Work instruction - Repeat the listing exactly. The images do not belong in the copy.

Given information -

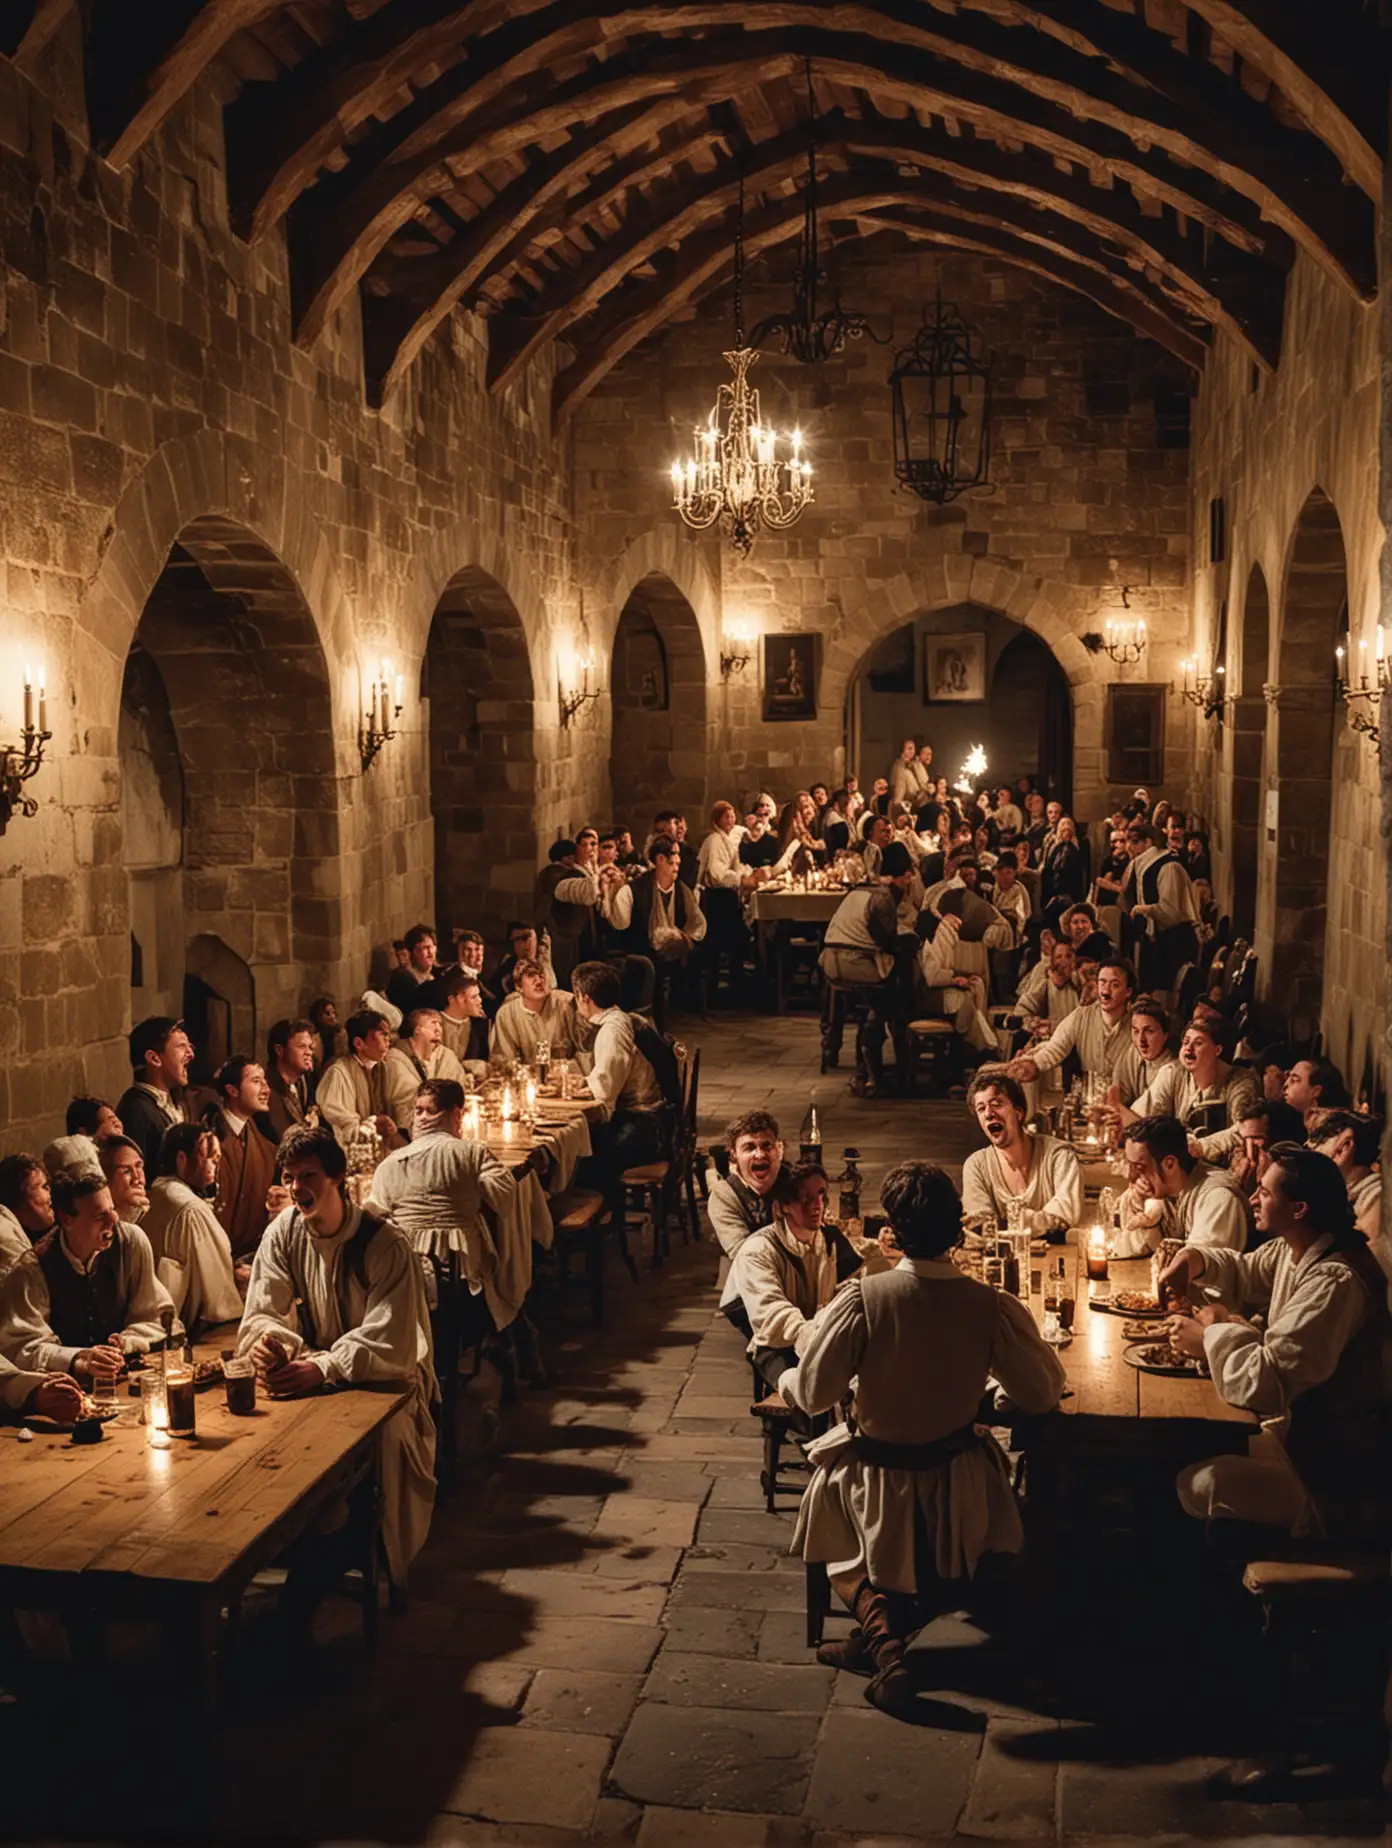 A  hall in a 17th century castle, with young men sitting on a tables and drinking, dressed with light clothing, boots, shouting, joyful and happy atmosphere, at night.
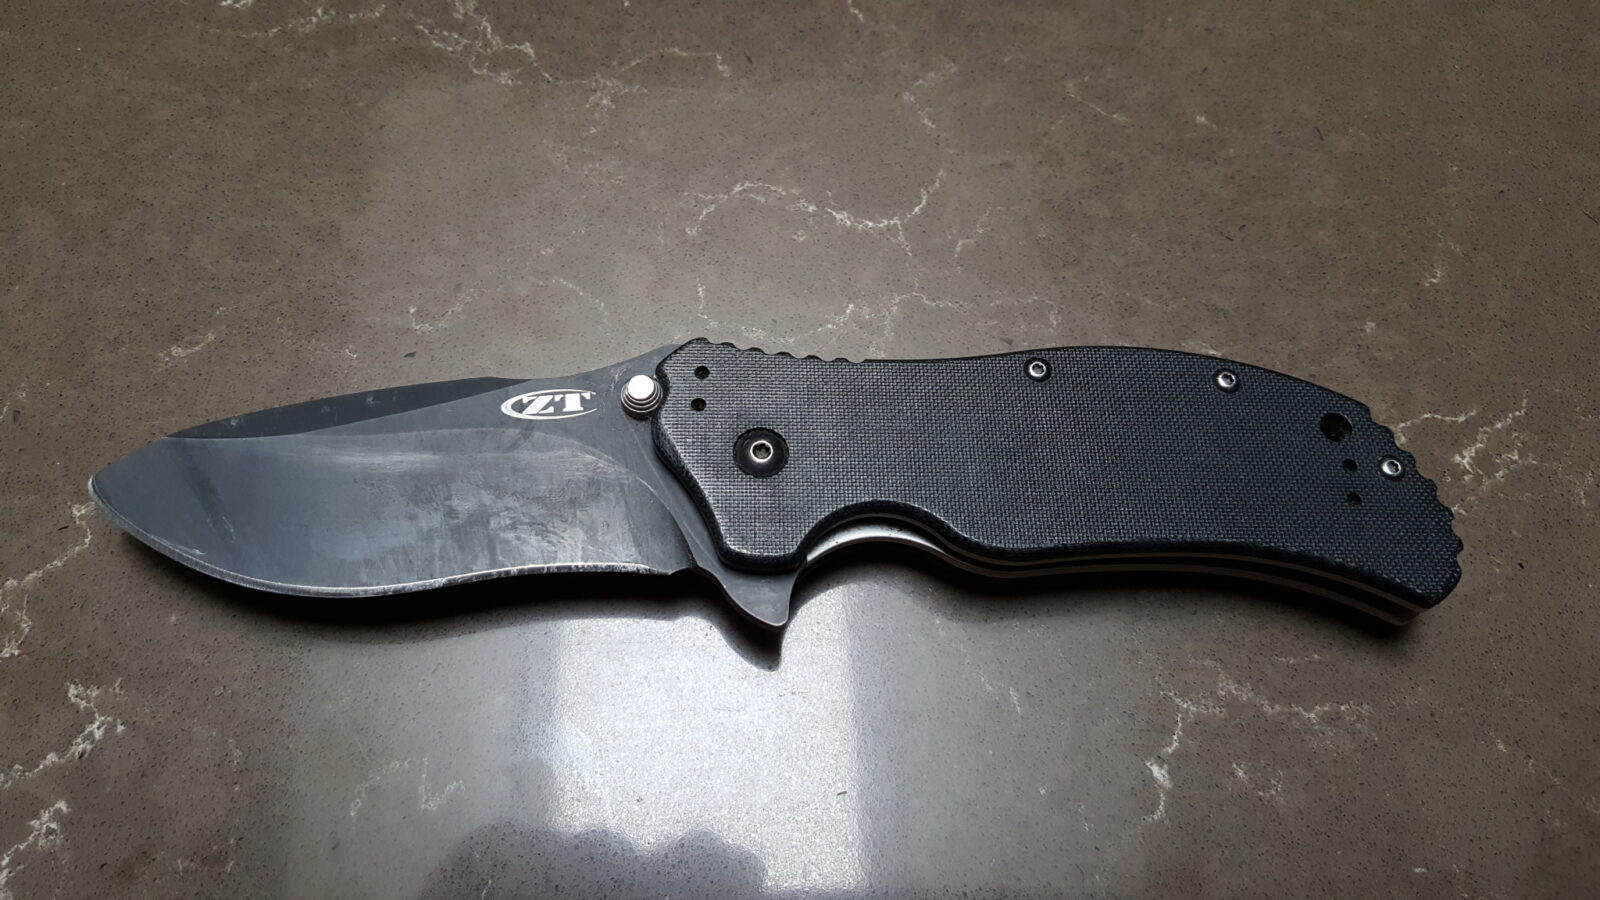 April 2017 - My EDC Knife is a ZT 0350BW - Ronin's Grips
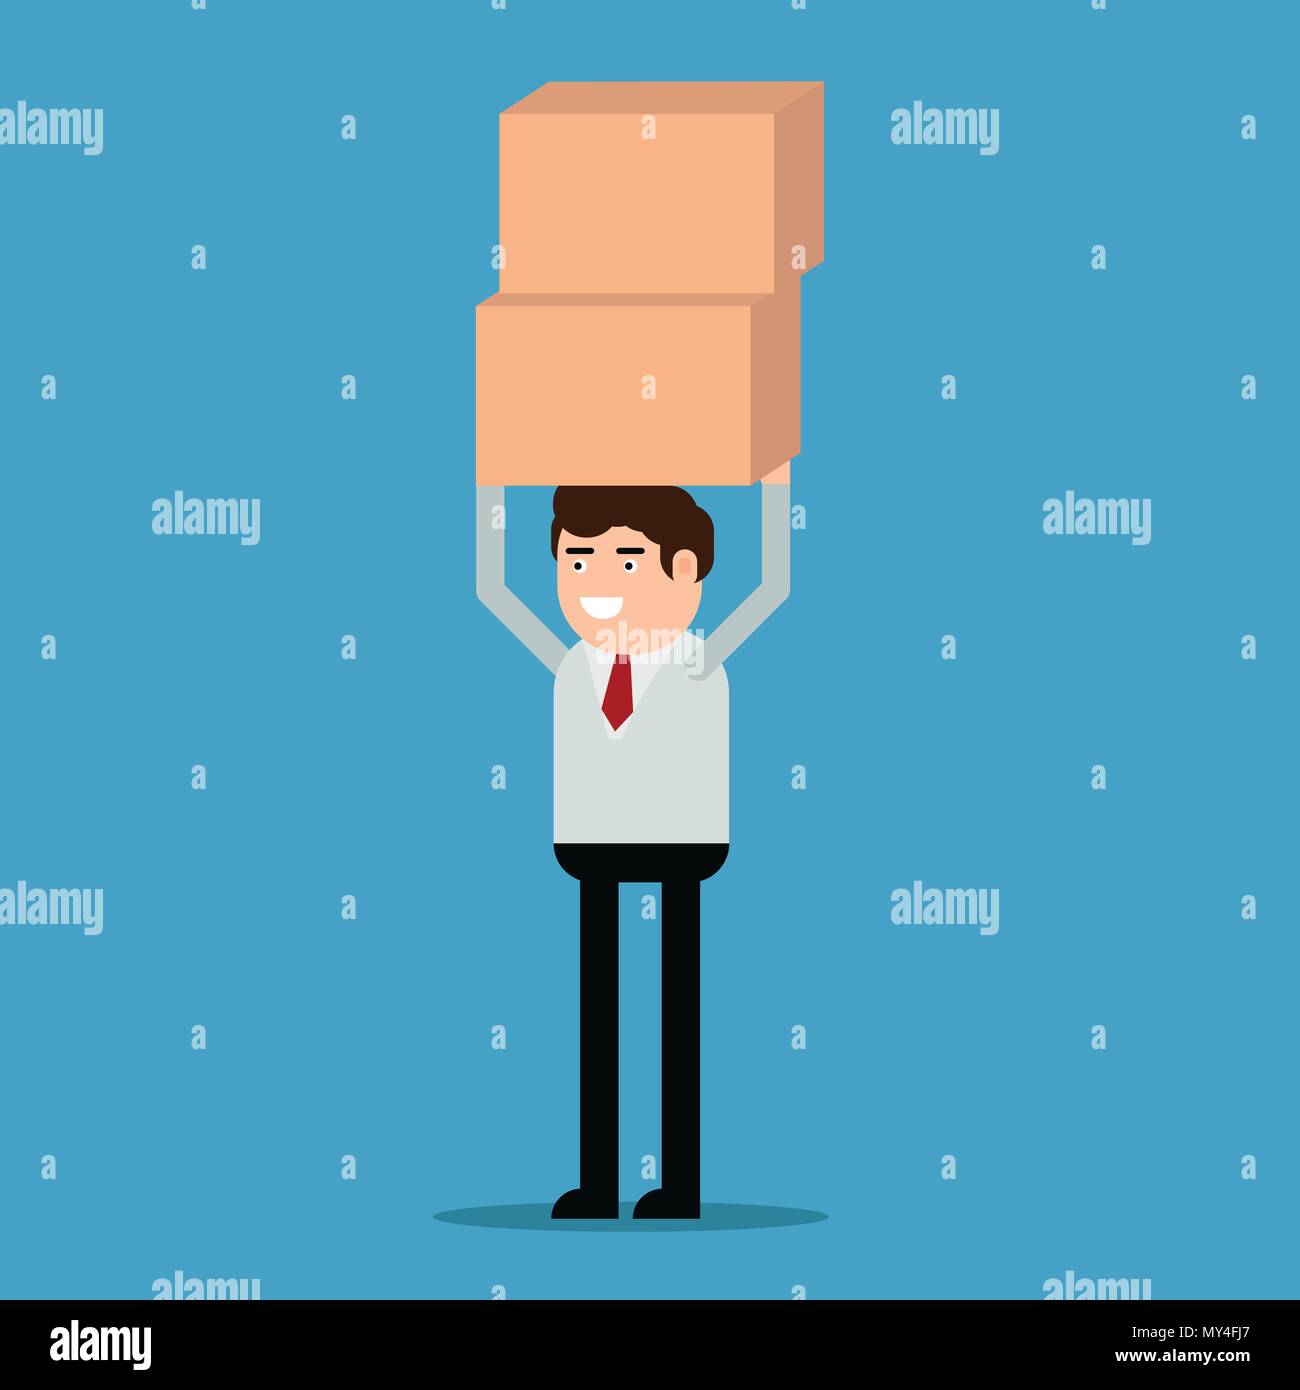 Businessman is carrying a boxes, vector illustration on a blue background Stock Vector

Answer space -
 A  hall in a 17th century castle, with young men sitting on a tables and drinking, dressed with light clothing, boots, shouting, joyful and happy atmosphere, at night.
 April 2017 - My EDC Knife is a ZT 0350BW - Ronin's Grips
 Businessman is carrying a boxes, vector illustration on a blue background Stock Vector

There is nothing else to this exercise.